There are many engineering projects around the world which command instant respect, admiration and sometimes awe, but the word engineering has itself become a little cold. From the early days involving steam engines, through the progress those pioneers allowed in the great civil engineering projects to today’s precision engineering in the gas and oil industry, engineers have changed the world and the science of metallurgy has been with them every step of the way.
There are many projects that began as a way to solve a problem, such as the Tyne Bridge, which was completed with flair and beauty. Others are less immediately practical and some of the most interesting are those that came into being purely as an experiment.
One such example is the collaboration between the Ford Motor Company and the Allegheny Ludlum Steel Division. In 1936 Allegheny Ludlum, a pioneer producer of stainless steel, suggested to Ford that a car could be made from stainless steel. The officials viewed it as part experiment and part campaign to showcase the new metal and its fantastic properties to a public which remained largely unaware of advances in metallurgy. The result was the 1936 Ford Tudor Sedan, a tribute to one of the most dynamic metals ever developed. However the dies used in production shattered when stamping the stainless steel parts, therefore ensuring very limited production of these cars.
The photos shown here are of one of only four cars left in existence and the only one still in a fully running condition. The tireless work of Lon Kruger has restored the original jaw-dropping beauty, which has only travelled 18 miles since the restoration was competed. Around 2,500 hours were estimated for the total restoration, many of those in the finishing of the body by graduating from 80-grade all the way through to 1,000-grade before finally using a cotton high-speed polisher to create the mirror finish. For those interested in the specifics, underneath the car runs a standard 221/85HP flathead V8 on a 3-speed manual gearbox.
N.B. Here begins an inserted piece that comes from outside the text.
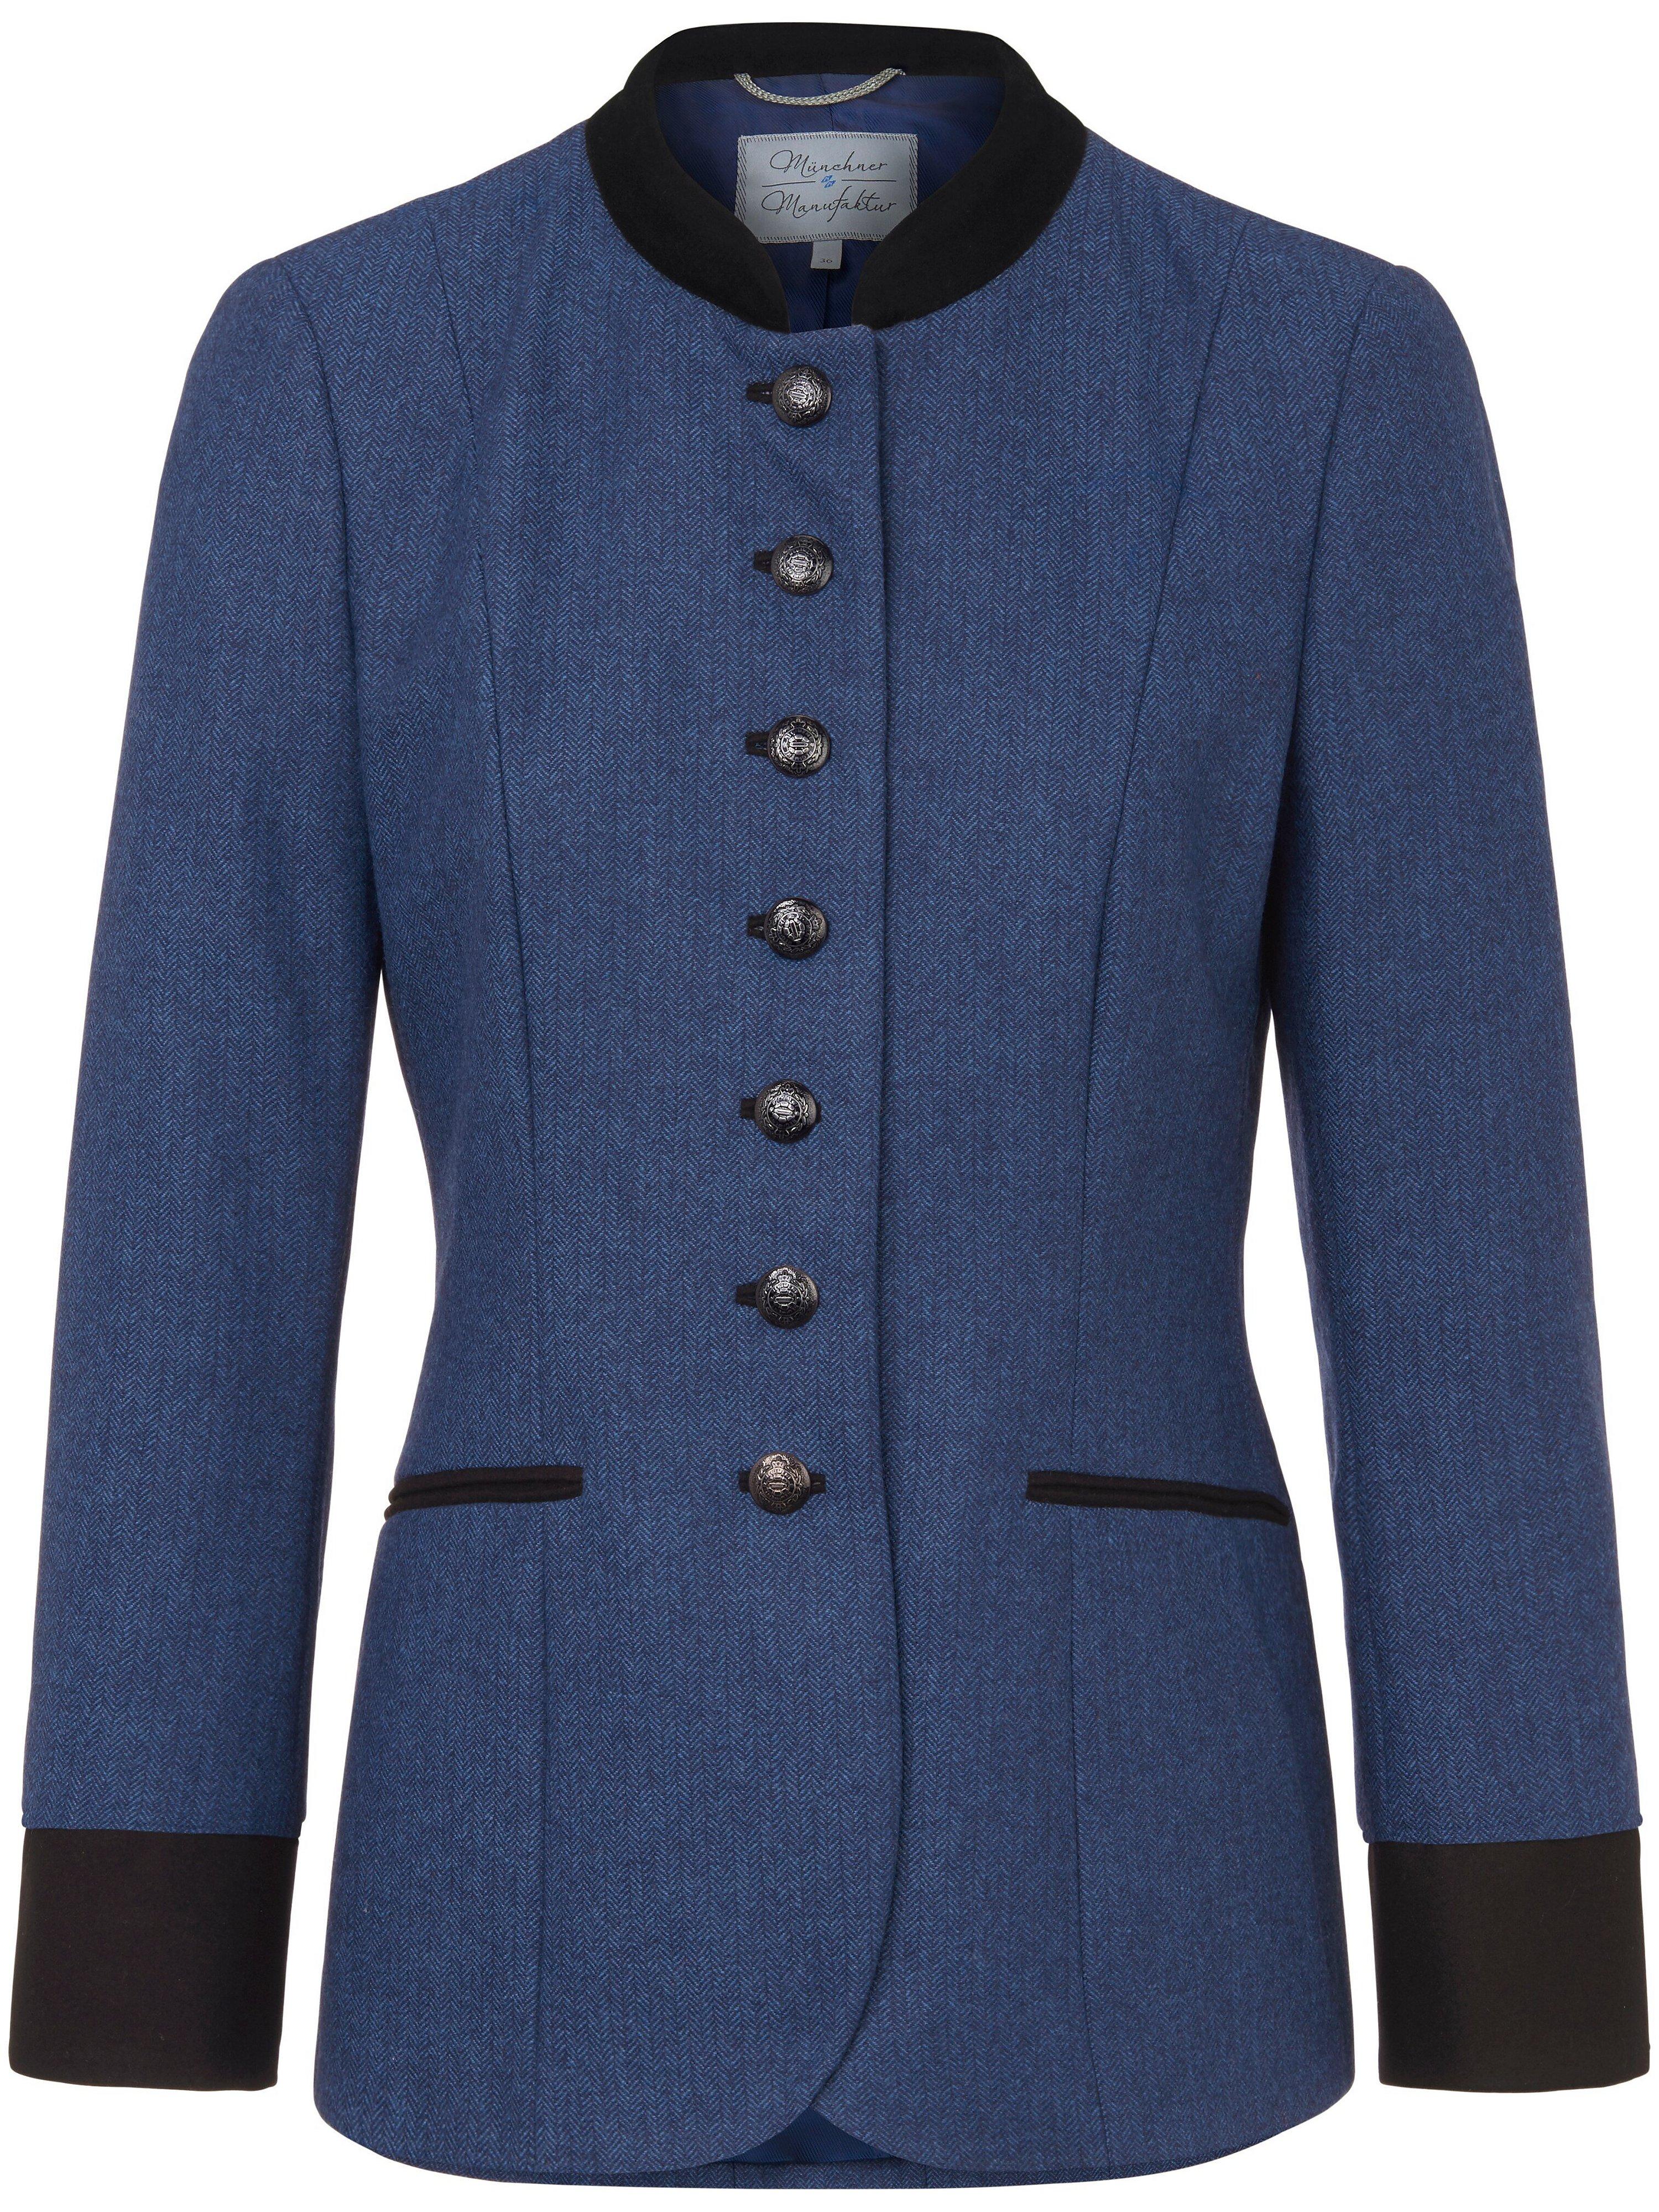 La veste 100% laine  Münchner Manufaktur bleu taille 50

The power generation was 85 horsepower and even featured a Columbia overdrive, which still works.
Since the restoration, this car, which is the only one in private ownership, has won two trophies at the Early Club Auburn 2009 event, 1st place at the 2009 Hershey AACA event and was blessed with nomination as 2009 AACA car of the year.
These astounding machines were built by Allegheny as a promotional and marketing tool, but even in their day were considered such a prize that the top company salesmen were allowed to drive them for one year and were honoured to do so. It still looks as astonishing today as it did then, which is no mean feat after the 200,000 miles each car did before being removed from service.
There are a lot of things that engineering may be, but when the mindset of ‘I wonder if we could…’ turns out something this beautiful, cold is not a word you can use.